La mode est décidément aux espions, qu’on les expulse, qu’on les étudie, qu’on les filme ou même qu’ils geignent ou crânent en écrivant leurs mémoires. Après le douloureux hors-série du Monde, qu’il est amicalement recommandé d’éviter, un nouveau supplément est donc apparu dans nos kiosques, cette fois du Point.

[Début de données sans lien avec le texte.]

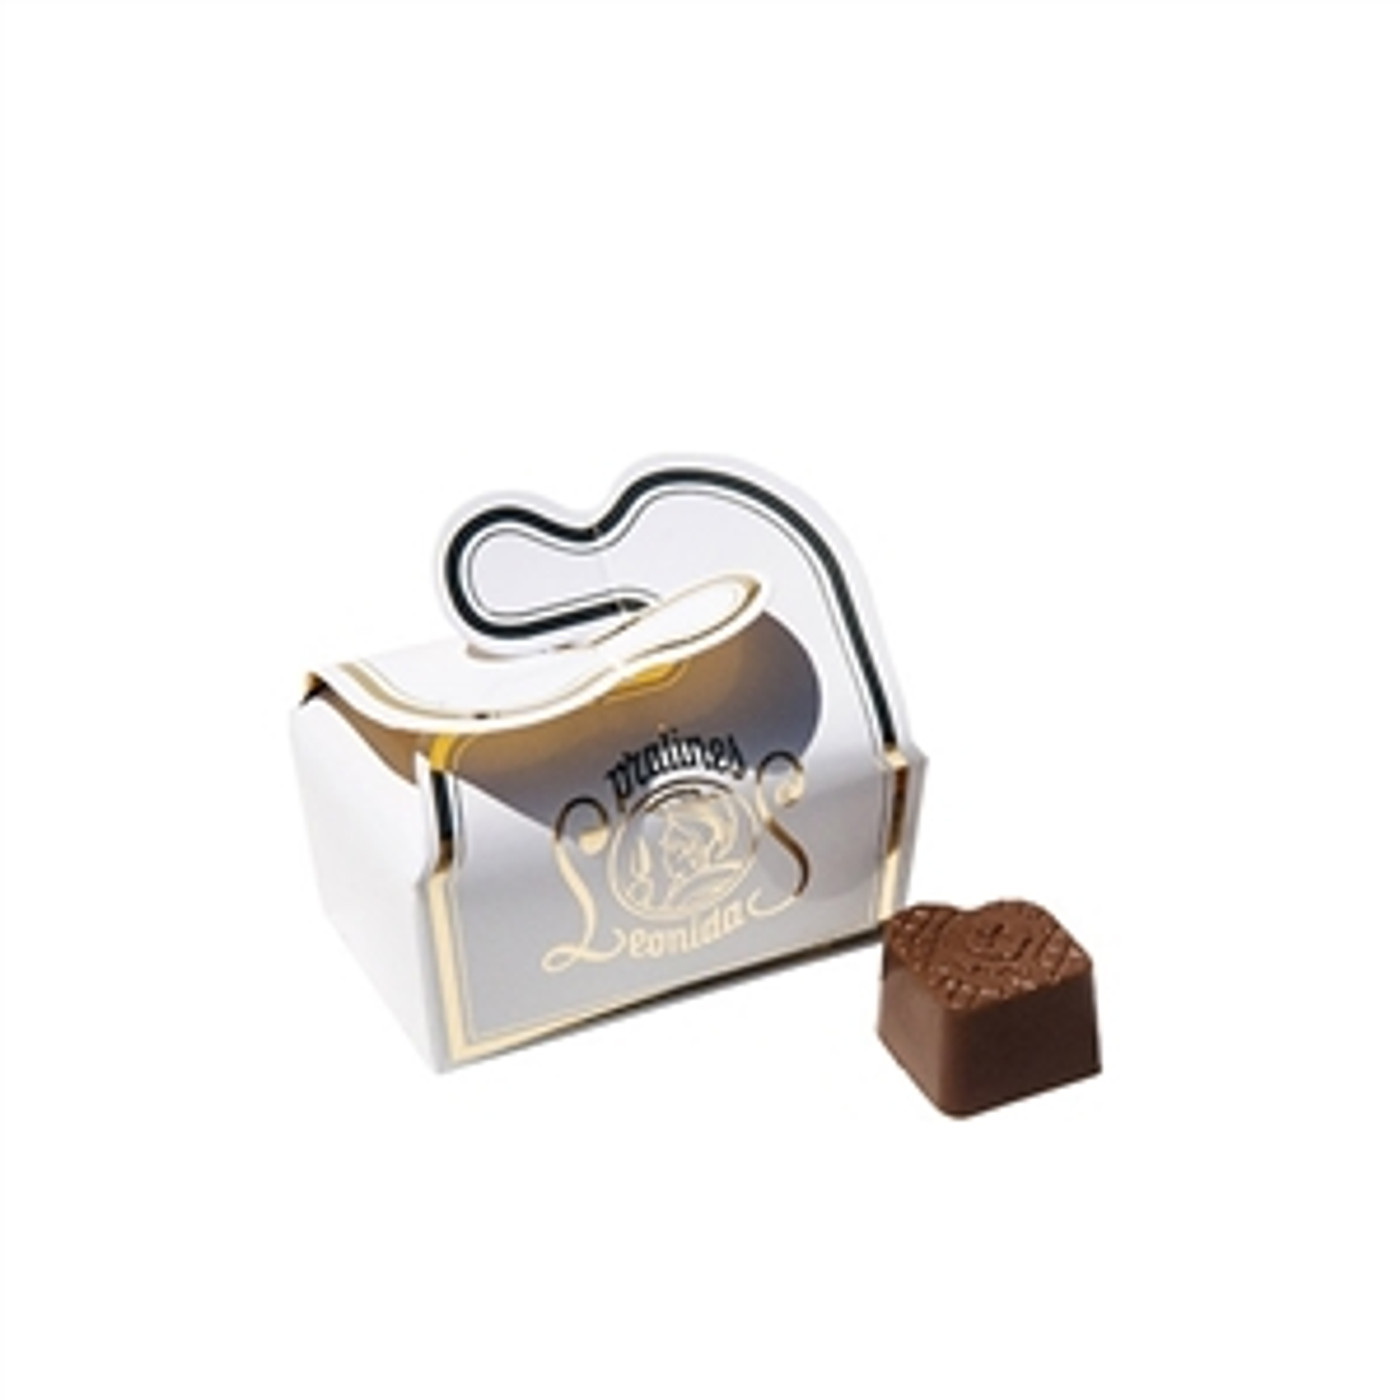 Ballotin 2 chocolate-piece

Disons-le d’entrée, c’est mieux que ce qui a été produit par Le Monde, malgré des ressemblances amusantes. L’interview misérable de Marc Dugain trouve par exemple son équivalent dans l’entretien accordé par Cédric Bannel, énarque, homme d’affaires talentueux, sportif de haut niveau et auteur de romans d’espionnage à peine lisibles. Si Dugain écrit des romans de gare, sans doute peut-on qualifier ceux de Bannel de romans d’aéroport. Au moins cet auteur assume-t-il sa fascination pour le monde du renseignement, son analyse du monde contemporain étant aussi convaincante qu’une une du JDD.
Ce nouveau hors-série présente, lui aussi, quelques défauts agaçants. Dès son introduction, on y parle de James Bond sous la plume de Romain Gubert, et on s’interroge donc d’entrée sur la qualité du travail accompli. A quoi bon diffuser une revue que l’on veut sérieuse en utilisant encore et encore les mêmes clichés imbéciles et tellement datés ? De même s’étonne-t-on des choix bibliographiques – quelques titres étant plus que dispensables – ou de la sélection des séries télévisées (24 heures chrono ? Vraiment ?) disponibles à la fin de la revue. On pourra aussi sourire en lisant que le Bureau des légendes est la « meilleure série française sur les agents sous couverture de la DGSE » alors qu’il s’agit en réalité de la « seule série française sur les agents sous couverture de la DGSE ». Ce service est d’ailleurs encore surnommé « La Piscine », un sobriquet que seule la presse utilise et qui est la marque d’un certain amateurisme.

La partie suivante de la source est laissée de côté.